Frost sensed the glow within her. Watching her with narrowed eyes, he said mockingly, “I thought, after Shea, you had nothing left for any other man. Apparently you do. That should make me hate Revier, but I find myself oddly grateful.”

“Why?” she asked distrustfully, on guard at once for any threat to Marc.

Frost took her in his arms, kissed the pulse that leaped and hammered in her throat. “Because, though I must have you however I can, I much prefer a live woman to a sleepwalker.” He lifted her, bent his shining head to her breast so that his breath was moistly hot on her flesh. “You bloom for another man, my darling, but the perfume entices me.”

After that, she tried to be cool and circumspect around her husband, but either his appetite was whetted by knowing that he possessed what Marc could only desire, or he detected the brighter flow of blood in her, her quickened awareness and responses. He never seemed to have enough of her.

And then in October, right after the twins' fifteenth birthday, Marc Revier rode in.

Talitha would have given much if Frost hadn't been at the ranch. As it was, after the alert, as soon as Marc came close enough to be recognized, Frost put aside his rifle and hurried out, drawing Talitha with him.

“Marc!” Frost shouted genially. “It's good to see you, man. Since your letter came, we've been expecting you daily!”

Marc reined his claybank to a halt. Slowly, as if dazed, he took off his hat. Gray showed at his temples. The old scar across his left cheek and eyebrow was a pale seam in his tanned face, and the crow's-feet at the corners of the dark blue eyes were deeper.

“What are you doing here?” he asked bluntly of Frost. “We thought you were dead.”
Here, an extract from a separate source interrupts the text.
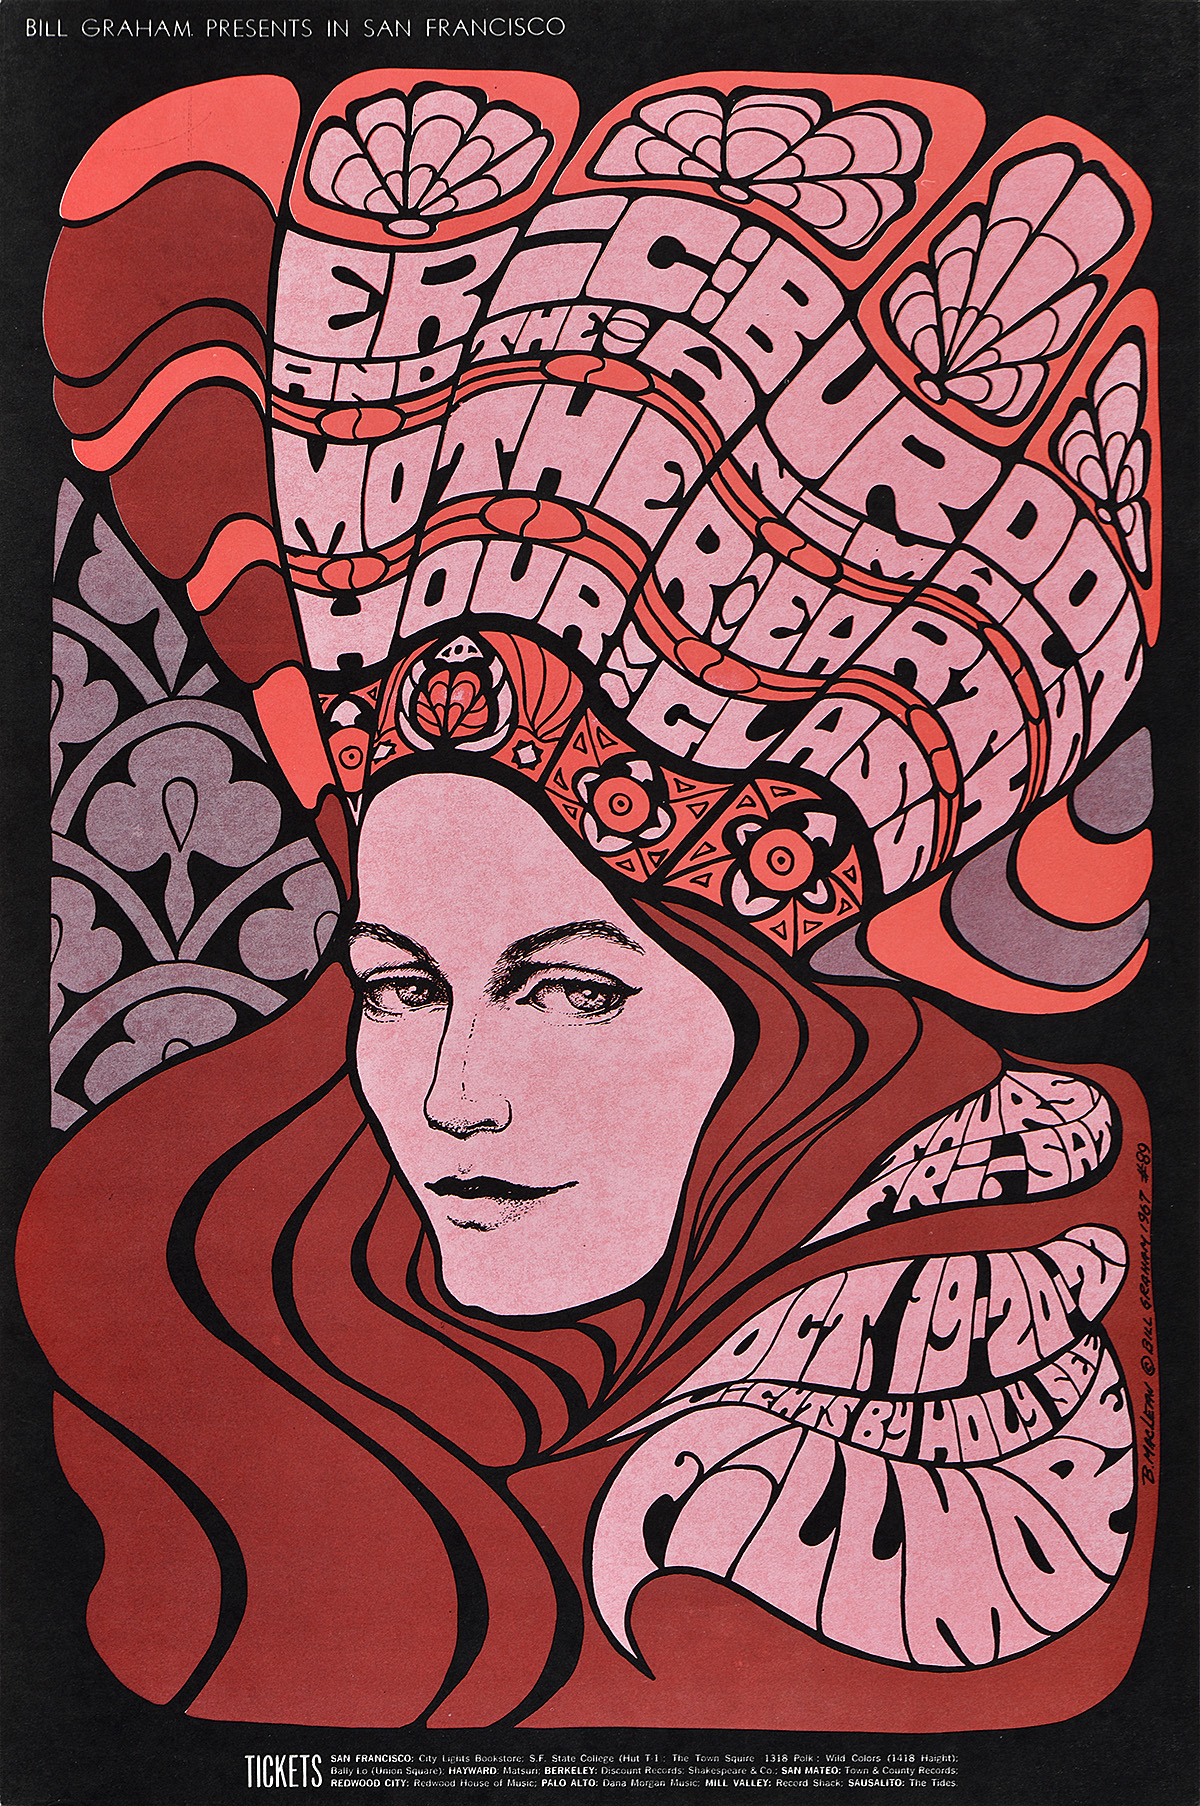 illustrational psychedelic inspired poster of a woman with flowing hair and an oversized crown filled with words

“There was good reason for the mistake,” Frost said gaily. He was obviously determined to take no offense. “I was out in California helping Carleton raise troops and came back to Arizona with the California Column in May of '62. Naturally, my first concern was for Talitha, for, as you may know, Apaches and bandits had cleaned out the whole Santa Cruz Valley region except for the Patagonia mine and Pete Kitchen's place.” He drew her into the circle of his arm and smiled fondly down at her, but she saw the warning in his eyes. “It was the happiest day of my life to find her alive and well.”
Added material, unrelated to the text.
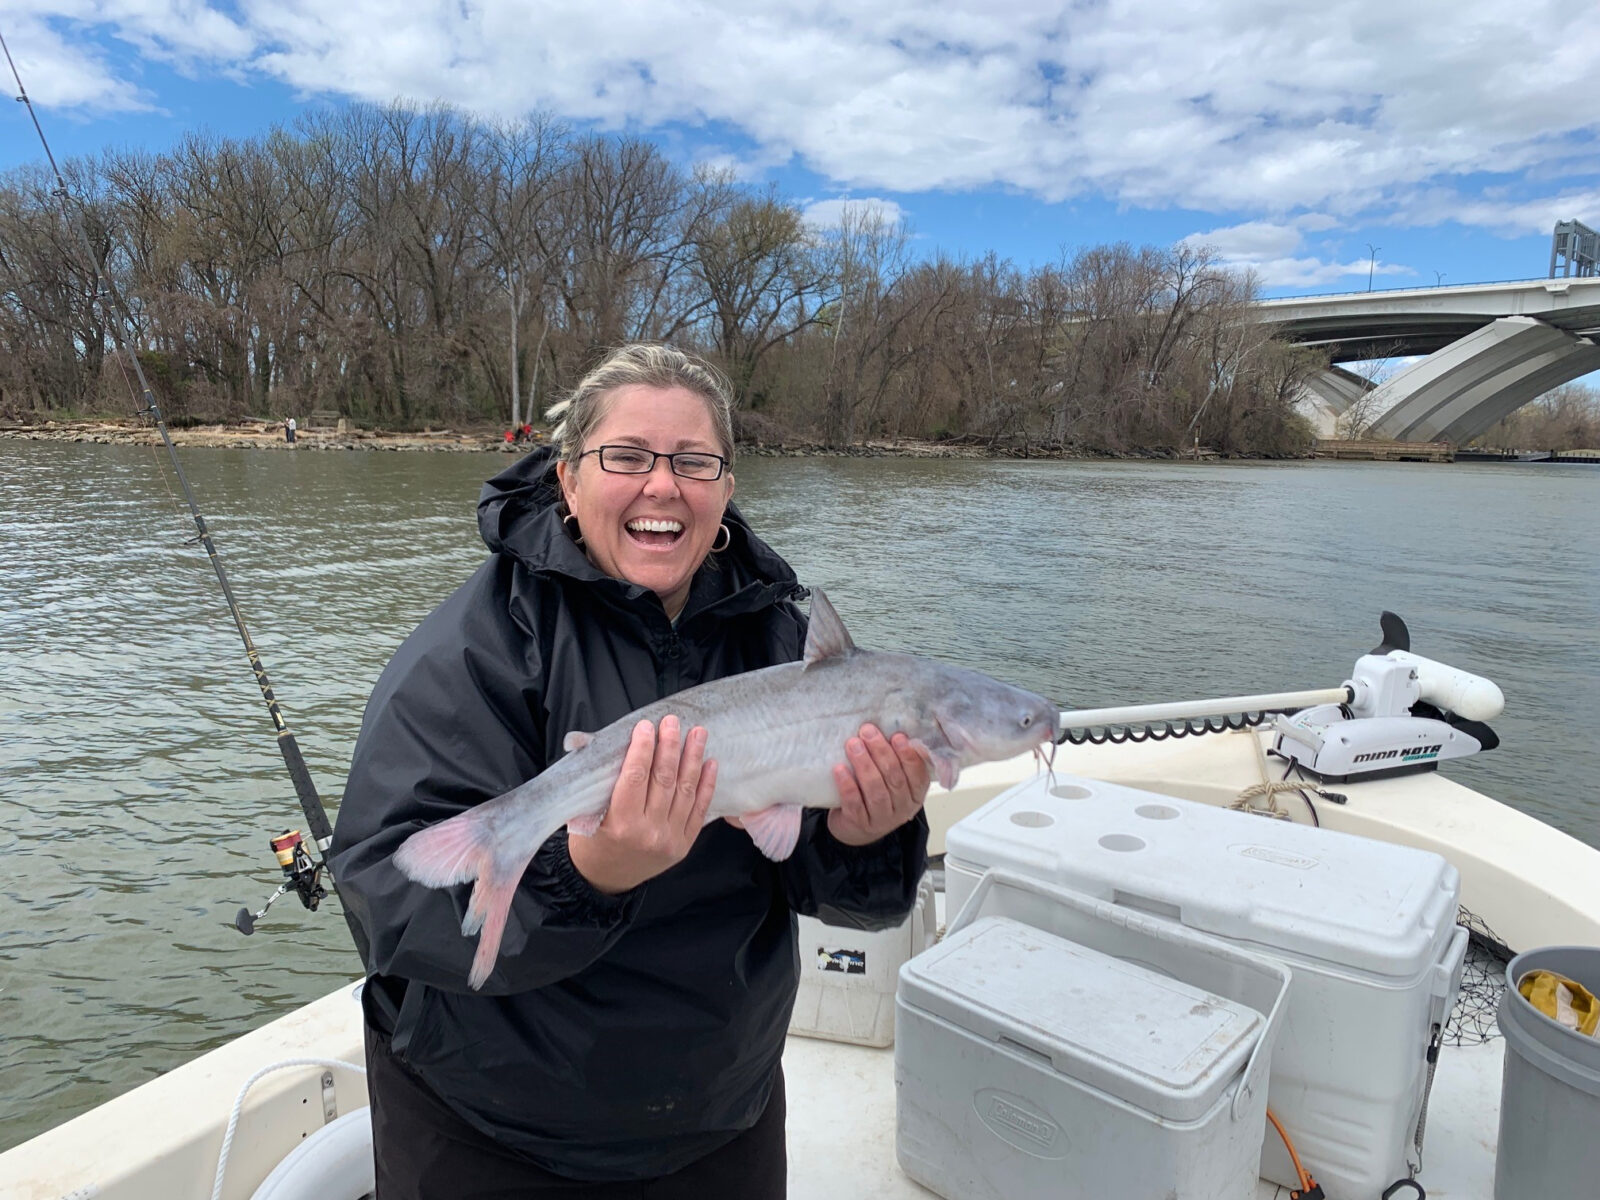 https://indianheadcharters.com/wp-content/uploads/2019/04/March-31st-1600x1200.jpg

And the darkest day of mine
—
except when I learned Shea was dead
.

“What about Shea?” Marc's tone rasped huskily, as if he could scarcely get the words out.

“Heroically dead in Sibley's retreat. The young man he died for brought the news and has stayed on at the ranch. Why don't you ask him for particulars, Marc? It distresses Talitha to dwell on it.”
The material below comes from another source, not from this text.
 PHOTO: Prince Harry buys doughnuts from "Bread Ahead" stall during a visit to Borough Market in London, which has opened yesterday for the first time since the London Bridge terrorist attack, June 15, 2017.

Deliberately, Frost raised Talitha's hand, held it so her wedding ring flashed fire, and kissed her fingers.

Talitha seemed to feel Marc's shock within herself as his breath caught audibly. She couldn't look at him. Why couldn't she at least have seen him alone for a while before he had to know the truth? The truth that was a lie. But which, for his own sake, she must make him believe.

“Are you married?” Marc asked.

“Talitha did me that honor.” Frost added with engaging honesty, “I know, of course, that Shea's enshrined in her heart, but I'm grateful for her sweet company.” His hand tightened on hers, sending the jewels biting into her flesh. “And I think I may truthfully say, may I not, my love, that I haven't disappointed you?”

Masking the hate that swelled within her, she said quietly, “You've done everything you promised.” Turning to Marc, she was stabbed by the pain in his eyes. “But we mustn't keep you waiting there. Give your horse to Patrick and come in.”

He looked weary enough to fall out of the saddle. “Thanks, but maybe I'd better push on. I can make Cap Tubac before dark if I hurry;”

“Marc!” Talitha came forward and put a hand on his reins. “You can't just go off like that!”

“You come in, Uncle Marc!” commanded Cat. “You look awful tired, and Anita has tamales for supper!”

After a moment's hesitation during which he searched Talitha's eyes, Marc threw back his shoulders. “If you're sure I don't intrude …”

“Nonsense!” said Frost heartily. “We're all mightily glad to see you! Of course you'll stay with us while you get your bearings, decide what you're going to do. I've got a bottle of Scotch I've been saving for an occasion, and you're it!”